Shoulder Evaluation
Phase 2: Strength - Horizontal Plane
Phase 3A: Strength - Transitioning to the Vertical Plane
Phase 3B: Strength - Vertical Plane
Phase 4: Reactive Strength
Phase 5: Preparing for Contact

Shoulder Injuries

Having a strong and mobile shoulder is not the only component of preventing injury or optimizing performance. As the saying goes the chain is only as strong as it’s weakest link and this is true of the human body. Important factors in injury prevention include whole body stability and strength. A number of the exercises included in this programme don’t just focus on the shoulder but integrate trunk stability and lower body loading; especially those exercises included in the later phases of the programme.

Shoulder injuries can be extremely serious for any athlete but as we have described in the introduction, the rugby shoulder has to endure huge forces during contact situations. This ebook has been written as an injury prevention guide, not a rehab programme. Rehab for each shoulder injury needs to be approached differently. Many of the exercises in this programme are suitable for rehab as well as injury prevention but if you are suffering from an injury then get in touch with us for a consultation and we can advise you on the most appropriate approach for your rehab.

We have provided a brief look at some of the most common shoulder injuries here but as previously stated, if you have an injury then be sure to get it checked.

Some of the most common shoulder injuries for rugby players are low level contusions and impact related injuries. These injuries generally resolve quickly with minimal input – the most valuable input is time. Some of the more significant injuries that you may have heard of before are the following;


Dislocation of the gleno-humeral joint is when the head of the humerus leaves the socket of the glenoid and does not relocate. Dislocations often lead to a long time out of the game and can sometimes require surgery. Some common complications following a dislocation are long term weakness, damage to the labrum that surrounds the socket of the shoulder and bony damage that can present as hill sachs lesions at the top of the humerus or bankart lesions to the socket of the shoulder on the scapula. Nerves that run closely to the glenohumeral joint can also be damaged through direct impacts, traction or compression. Any injury involving nerves has a significantly longer recovery time. Dislocations can spontaneously relocate but it is often the case that they have to be relocated by a trained medical professional. Unfortunately once you have dislocated your shoulder once there is a higher risk that you will do it again.


Subluxations are similar to dislocations but the head of the humerus (arm) leaves the margins of the glenoid and spontaneously relocates itself, usually instantly. These injuries can have a similar but less severe presentation to dislocations.

Acromio-clavicular Joint Injuries (ACJ)

Another joint commonly injured is the acromio-clavicular (AC) joint that is located on the top of the scapula where it is joined by the collar bone. The joints can become damaged during collisions, typically when the arm is by the side or across the chest. These injuries can remain sore for weeks but in many cases players are able to continue using a pad to protect the joint from subsequent impacts if the grade of the injury is low. High-grade injuries that involve all of the ligaments of the joint may need surgery to repair the joint.

Sterno-clavicular Joint Injuries (SCJ)

Sterno-clavicular joint injuries are less common than ACJ injuries but can have significant consequences. Any sign of instability around this joint needs to be investigated appropriately.

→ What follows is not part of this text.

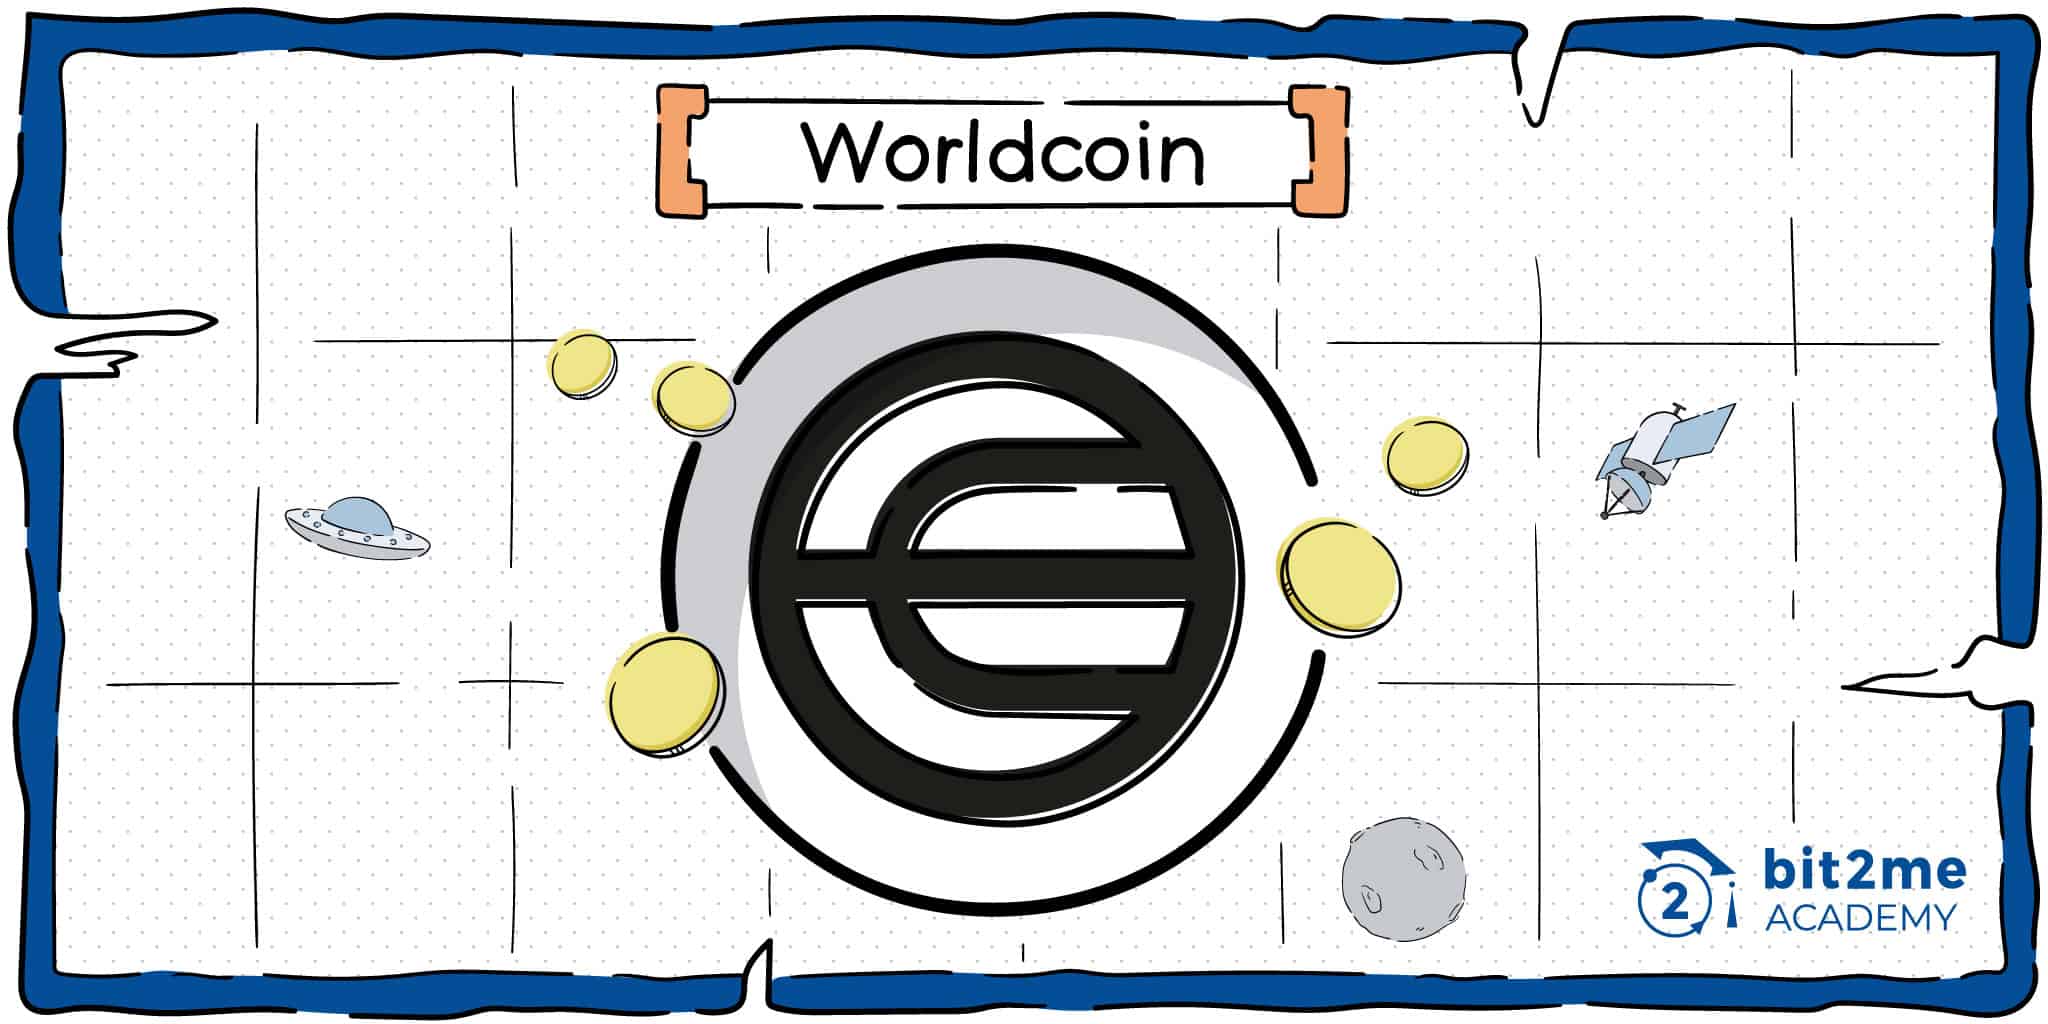 ¿Qué es Worldcoin?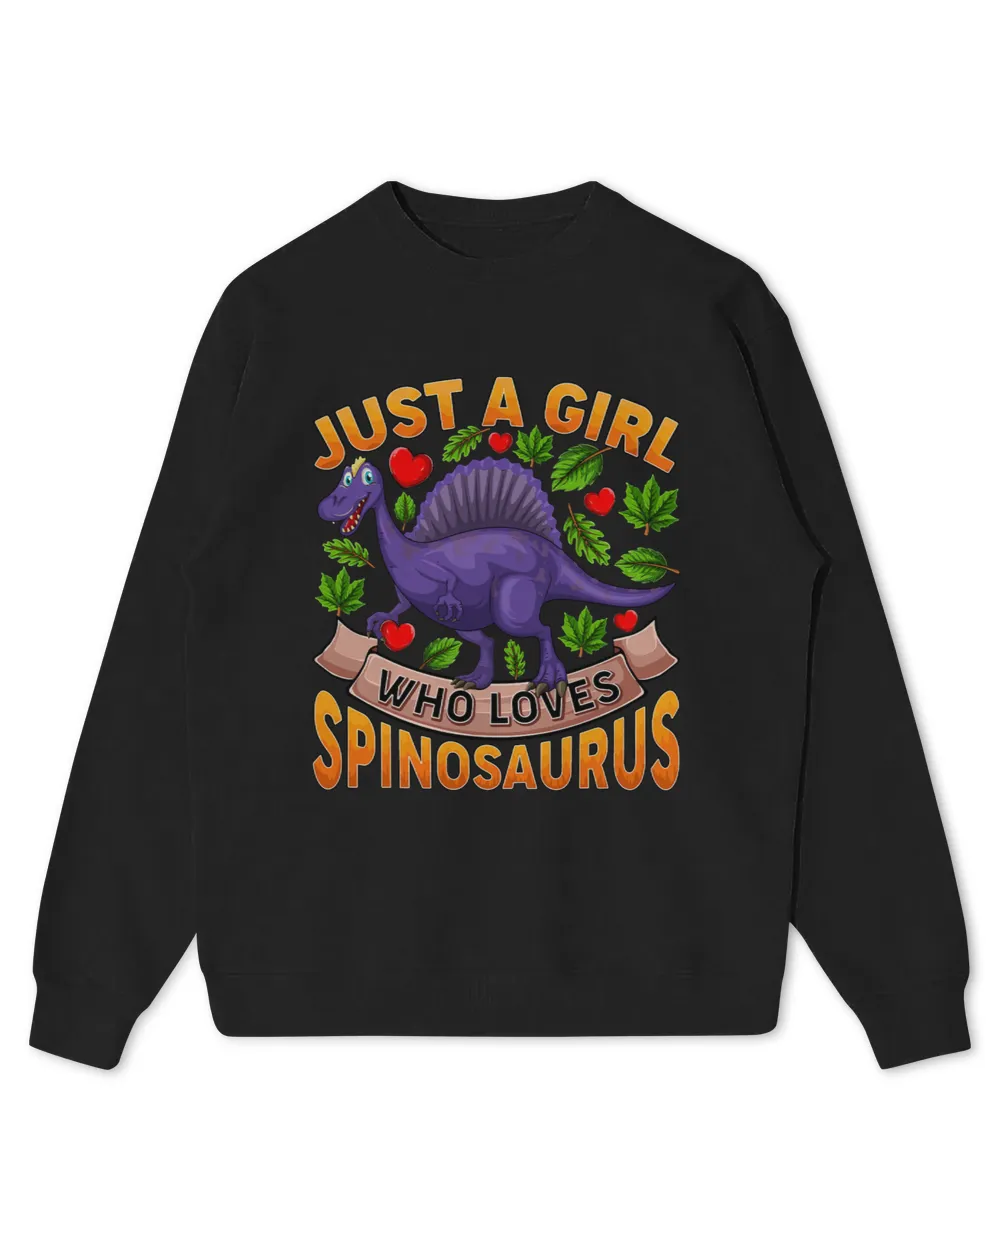 Spinosaurus Dinosaur Lover Just A Girl Who Loves Spinosaurus

Impingements are commonly described in the shoulder. They are often attributed to poor mechanics at the shoulder, especially the scapula but this hasn’t been confirmed in the current research. What has been established though is that allowing acute inflammation to settle and then strengthening the shoulder is an effective strategy for management.

Cartilage Tears

Cartilage tears are a reasonably common findings on MRI imaging. If you were to scan a full squad of professional rugby players a significant number of them would have signs of cartilage tears and cartilage damage, many of them would have no symptoms of injury. The cartilage most commonly injured in the shoulder is called the labrum. The labrum runs around the glenoid of the scapula and serves to deepen the socket and offer increased stability to the gleno-humeral joint. A common labral tear in rugby players is called a SLAP tear – (Superior Labral tear from Anterior to Posterior). If you imagine the socket of the shoulder is a clock face the long head of the biceps attaches at 12. SLAP tears often involve a pulling away of the long head of biceps along with the cartilage at or around the 12 o’clock position. As with most injuries there can be varying degrees and ranges of cartilage tears, some require surgery some do not and can be managed extremely well with rehab.

Soft Tissue Injuries

These can include muscle tears, ligament tears and tendon tears and ruptures. They can present on a very wide scale and often do not occur in isolation. You are very likely to get ligament damage with a dislocation for example. The severity of the injury will dictate the level of input required to recover.

Imaging and Shoulder Injuries

For any rugby player with a shoulder injury additional imaging as well as a comprehensive clinical assessment can be useful. A useful closing paragraph for the introduction to injuries is the following; findings on medical images only tell you a very small part of the puzzle. You can have signs of damage on a scan but functionally be capable of training and playing as normal. As the saying goes, Treat the man/woman (player), not the scan.